The derived categorical stroke outcomes ranged between 3, 4, 5 and 8-levels; addition of TIA increased this to 4, 5, 6 and 9 levels (Supplementary Table 4). Comparison of analyses for all levels of stroke outcome found that ordinal analyses were rated higher than binary for 4 and more levels (Table 3). For the 3-level stroke outcome review, ordinal and binary analysis methods appeared to have similar efficiency with adjusted binary logistic regression being rated the most efficient analysis method. Further, adjusted analyses were more efficient with lower ranks then their univariable counterparts, e.g. for OLR, CPH (Table 3). The results of performing the Duncan’s multiple range test on the Stroke/TIA 4-level outcome can be seen in Table 4. Ordinal analyses were rated superior to binary, with the most efficient being the Mann-Whitney U test and ordinal logistic regression (both unadjusted and adjusted); Table 4, Supplementary Fig. 1a. These findings are also supported by the distribution of the p-values from each of the tests across each of the datasets, which can be seen in Supplementary Fig. 1b.

Table 3

Rating of statistical tests

Outcome	Levels^†	Comparator datasets	P	Rating of tests relative to each other
Outcome	Levels^†	Comparator datasets	P	MWU	Adj.

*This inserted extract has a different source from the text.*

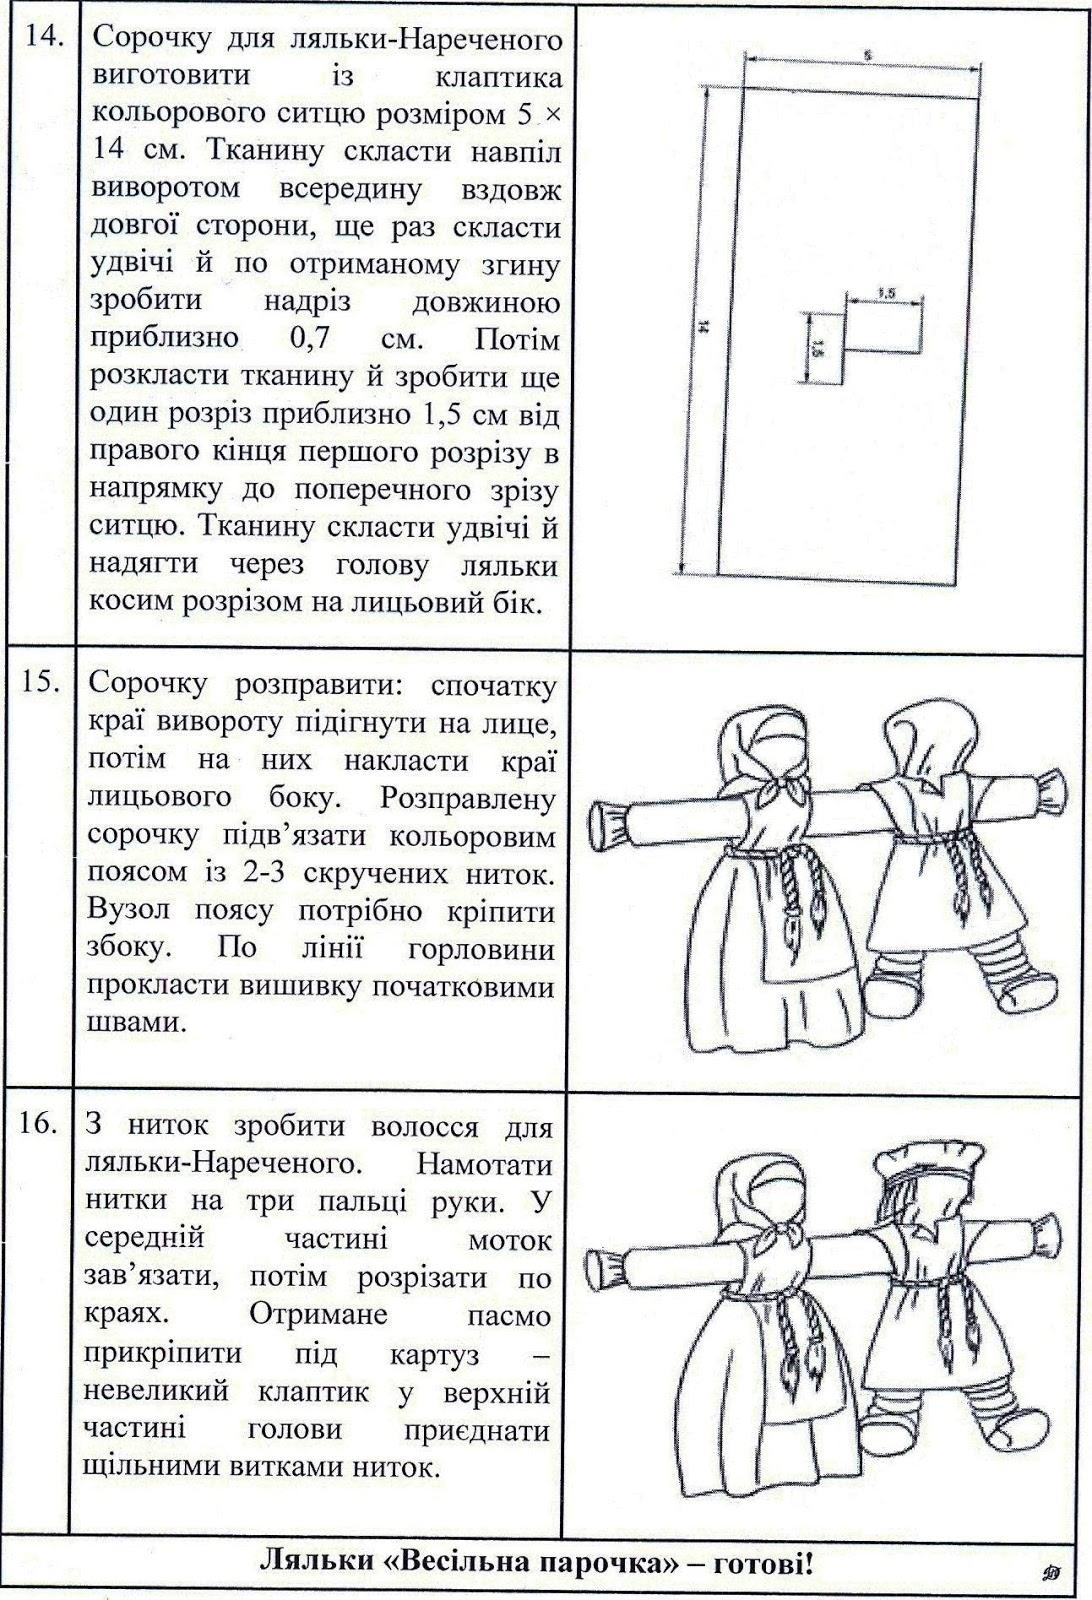 Dolls by Marina Dyachenko  4.7. ДОДАТКОВІ МАТЕРІАЛИ 10861e81a1931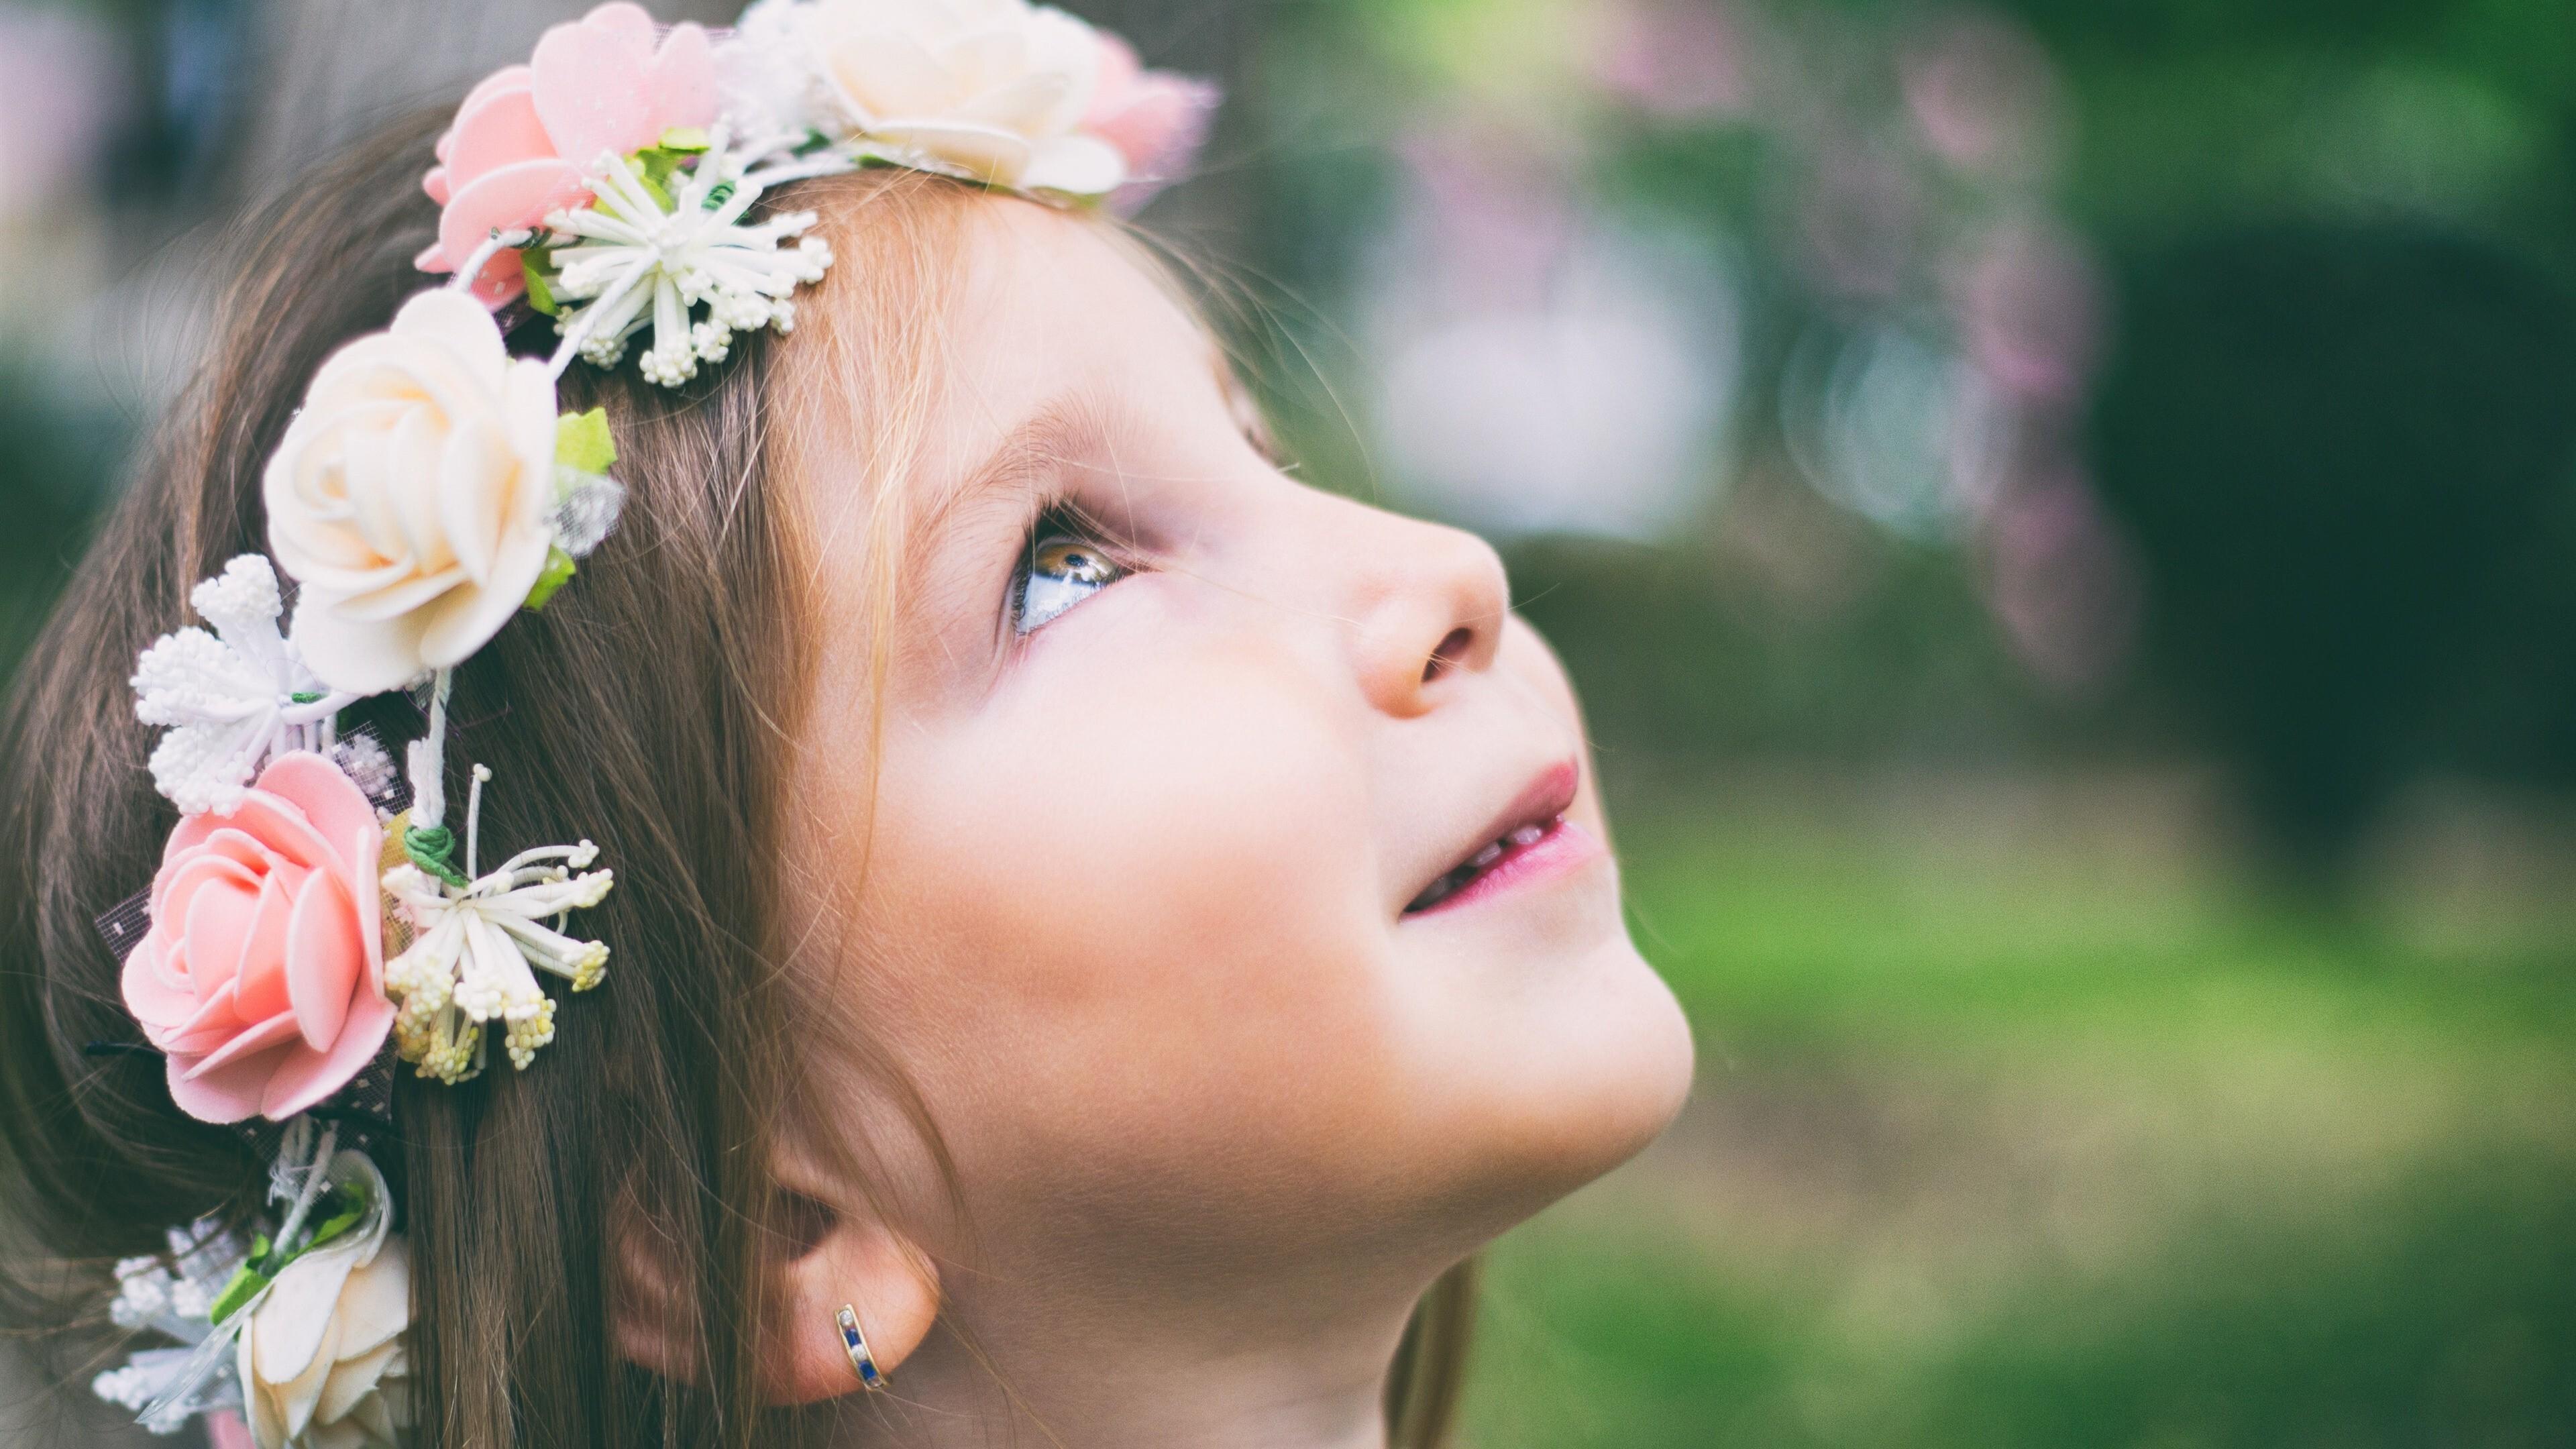 graceful baby girl wearing flower ring 4k wallpaper | hd wallpapers

OLR	WR	OLR	BS	Adj. MLR	Adj. BLR	Adj.CPH	TT	CAT	CPH	MT	CSB	CSO	CSF
Stroke	3	56	< 0.0001	2	4	3	7	9	10	1	5	13	12	6	11	8	14	15
	4	23	< 0.0001	2	3	1	6	10	12	4	5	11	13	7	8	9	14	15
	5	16	0.0002	2	3	1	6	8	12	4	5	11	13	7	10	9	14	15
	8	12	0.0115	3	2	1	7	8	10	4	5	13	14	6	9	11	12	15
Stroke/TIA	4	35	< 0.0001	1	3	5	2	4	8	10	12	7	6	11	9	13	14	15
	5	17	< 0.0001	1	3	9	7	2	4	10	11	6	5	12	8	13	14	15
	6	13	< 0.0001	1	2	9	3	6	4	10	11	7	8	12	5	13	14	15
	9	12	< 0.0001	1	2	7	3	4	6	11	10	8	9	12	5	14	13	15
MI	3	47	0.010	1	6	12	5	2	7	8	11	4	3	10	14	13	9	15
Bleeding	3	32	< 0.0001	4	9	3	11	7	1	8	6	5	2	10	15	14	14	13
	4	26	0.035	3	7	5	8	2	1	10	9	6	4	11	13	14	12	15
	5	13	0.032	6	8	5	3	2	1	11	7	4	10	12	15	14	9	13
Vascular	3	47	< 0.0001	2	3	5	6	10	8	1	4	11	12	7	13	9	14	15

The numbers in bold represent the tests that are the most efficient and do not differ statistically from one another. The P-value is from the results of the Friedman ANOVA. The order of the rating of test is based on the mean rank calculated by the Duncan’s multiple range test; the most efficient test (i.e. the test with the smallest mean rank) is rated the best with a score of 1 and the least efficient with a score of 15

Abbreviations

Adj.: adjusted; BLR: binary logistic regression; BS: bootstrapping; CAT: Cochran-Armitage trend test; CPH: Cox proportional hazards; CSB: Chi-square binary event outcome; CSF: Chi-square binary fatal event outcome; CSO: Chi-square ordinal event outcome; MLR: multiple linear regression; MT: median test; MWU: Mann-Whitney U test; OLR: ordinal logistic regression; TT: t-test; Vascular: combination of stroke and MI; WR: win ratio test

†Defined in Supplementary Table 4.

Tables 4

Results from the Duncan’s test analysis of p-value ranks for 4-level stroke/TIA based on 35 comparator datasets (p < 0.0001)

Test								Mean rank
MWU (4-level)	A							4.69
OLR (4-level)	A	B						6.26
Adj. OLR (4-level)	A	B	C					6.31
Bootstrapping (4-level)	A	B	C					6.43
Win Ratio*	A	B	C					6.69
CA Trend (4-level)	A	B	C					6.71
t-test (4-level)		B	C					6.89
Adj. MLR (4-level)		B	C					6.91
Median test (4-level)		B	C	D				8.06
Adj. BLR (Binary)			C	D	E			8.49
CPH (Binary)				D	E			9.06
Adj. CPH (Binary)				D	E	F		9.34
Chi-square (Binary)					E	F		10.37
Chi-square (4-level)						F	G	11.14
Chi-square (Binary fatal)							G	12.66

Abbreviations

BLR: binary logistic regression; CA trend: Cochran-Armitage trend test; CPH: Cox proportional hazards model; MLR: multiple linear regression; MWU: Mann-Whitney U test; OLR: ordinal logistic regression

*Combined binary outcomes including (from most to least clinically important): fatal stroke (Yes/No), Non-fatal stroke (Yes/No), and transient ischaemic attack (Yes/No).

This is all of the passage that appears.